- _Problem to work on_: In the entries that follow, find the line containing "Upul Tharanga LPL" and the line containing "Troy Lee Designs", then copy exactly everything from the first through the second except the pictures.

- _Data to use_:
--------------------------------
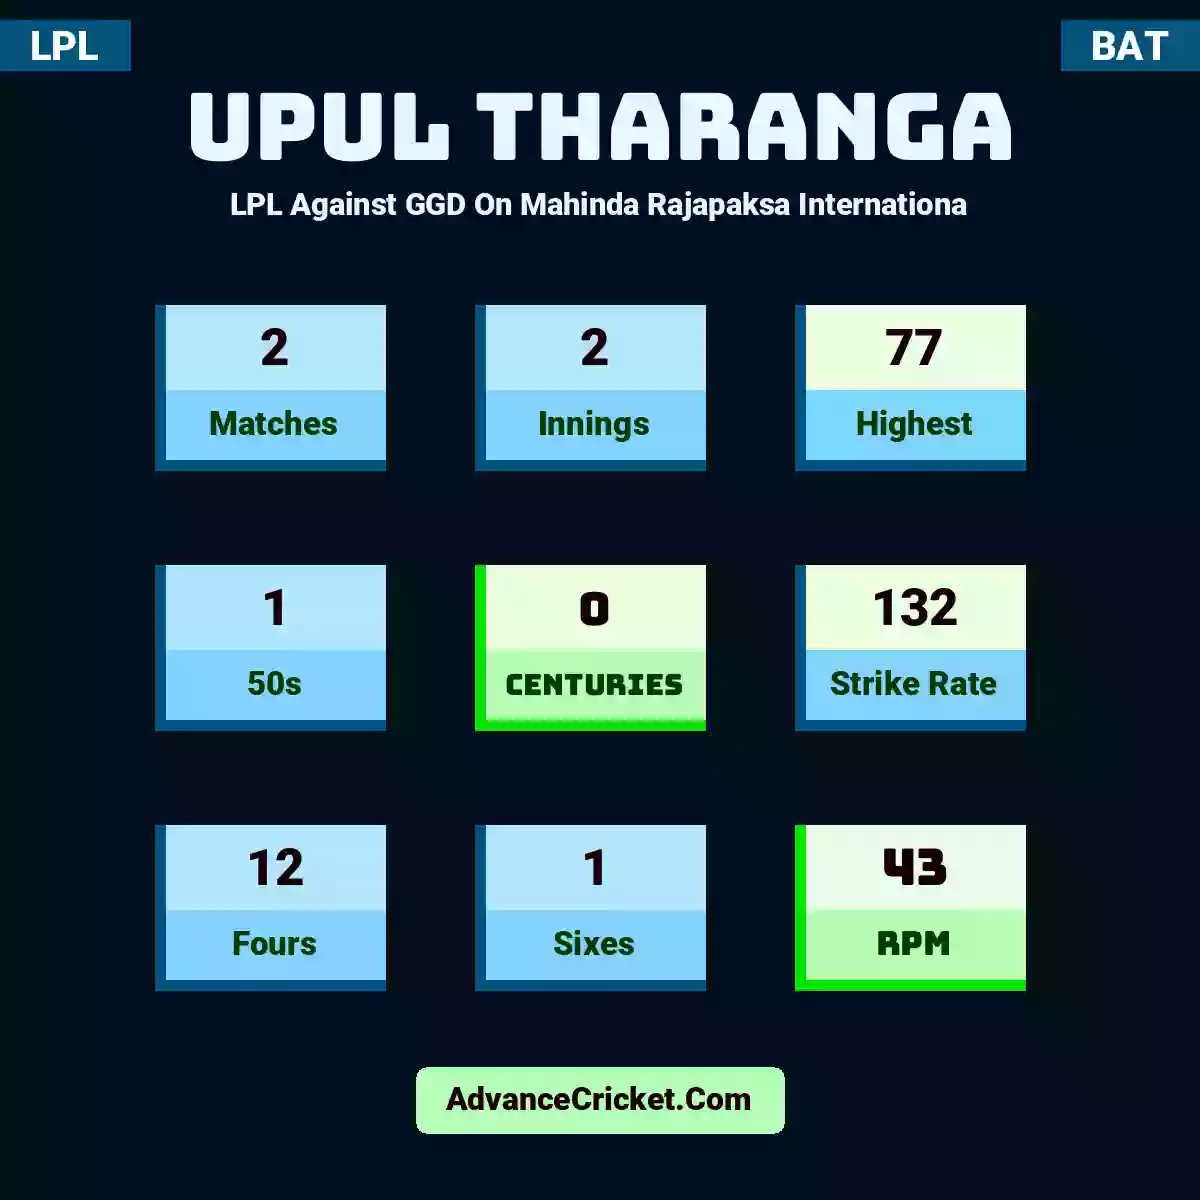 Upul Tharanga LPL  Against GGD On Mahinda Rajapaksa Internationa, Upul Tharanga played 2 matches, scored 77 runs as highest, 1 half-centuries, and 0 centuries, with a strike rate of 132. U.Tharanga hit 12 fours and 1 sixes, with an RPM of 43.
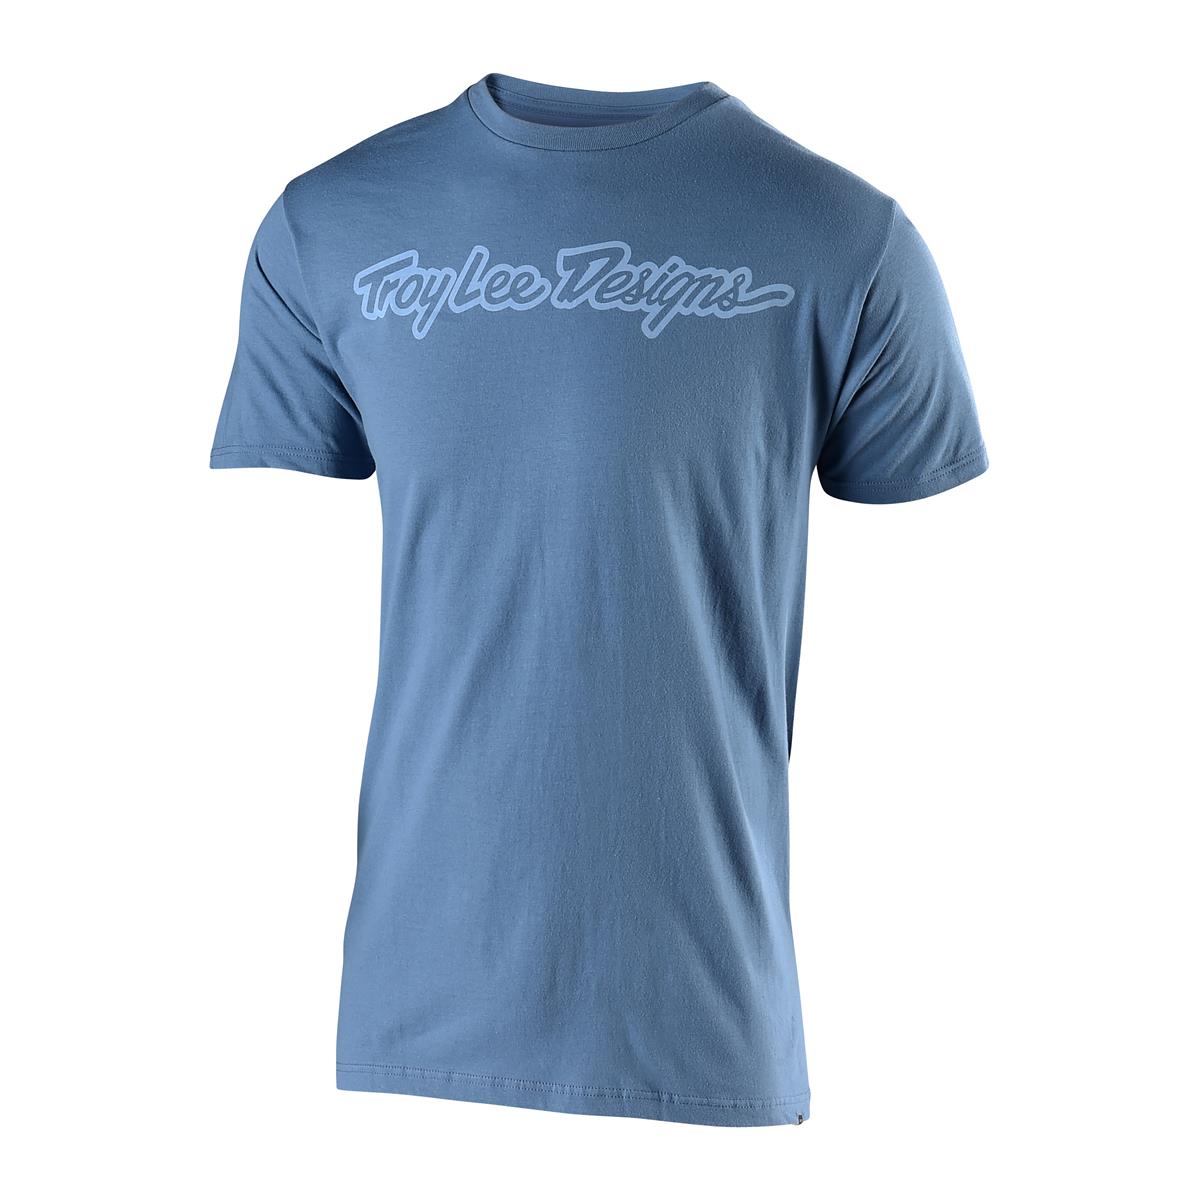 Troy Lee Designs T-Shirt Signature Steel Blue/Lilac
--------------------------------
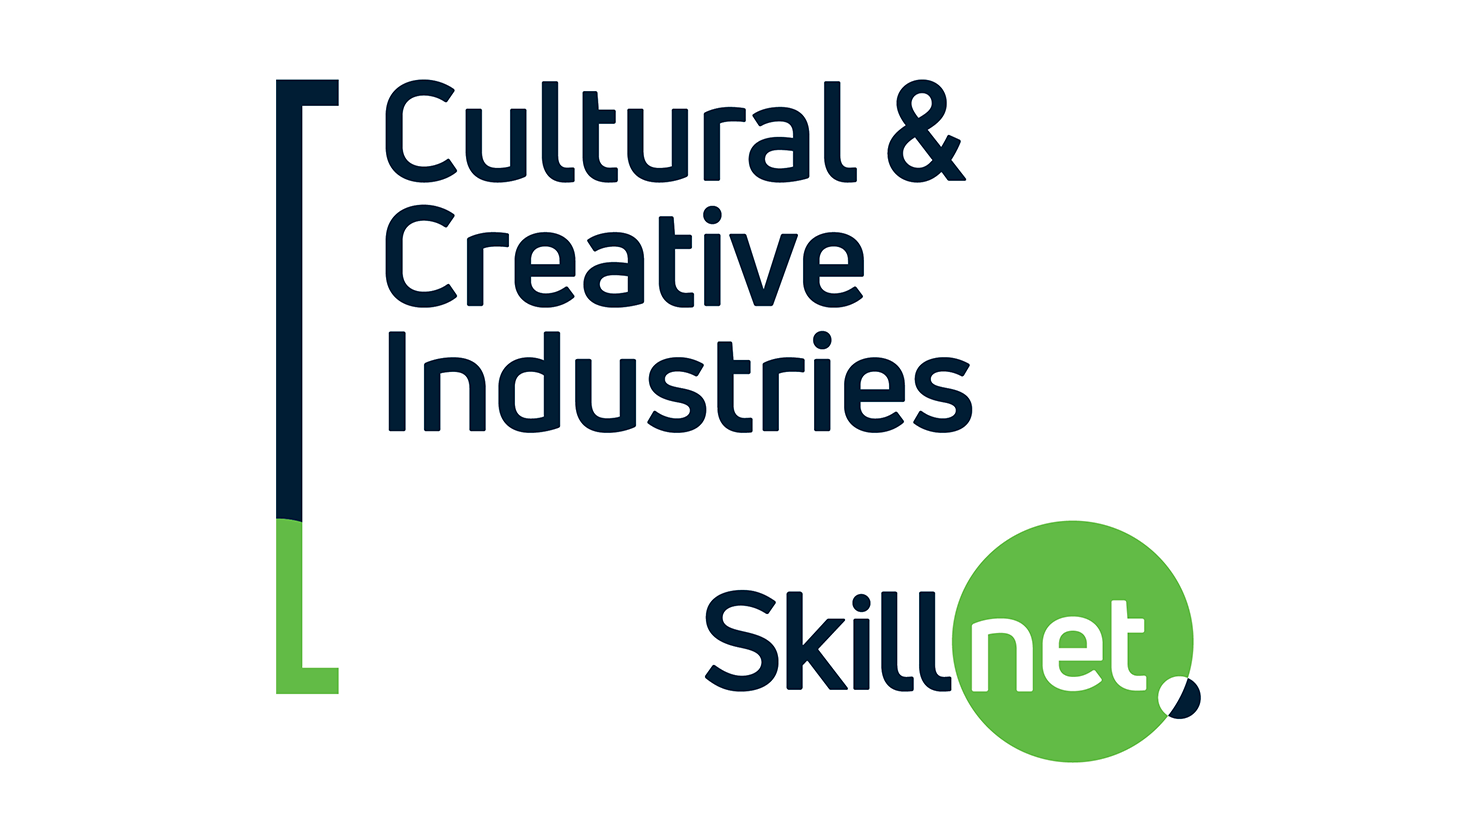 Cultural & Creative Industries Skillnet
--------------------------------
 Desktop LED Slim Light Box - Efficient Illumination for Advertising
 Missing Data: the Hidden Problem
--------------------------------
- _Solution to this task_:
 Upul Tharanga LPL  Against GGD On Mahinda Rajapaksa Internationa, Upul Tharanga played 2 matches, scored 77 runs as highest, 1 half-centuries, and 0 centuries, with a strike rate of 132. U.Tharanga hit 12 fours and 1 sixes, with an RPM of 43.
 Troy Lee Designs T-Shirt Signature Steel Blue/Lilac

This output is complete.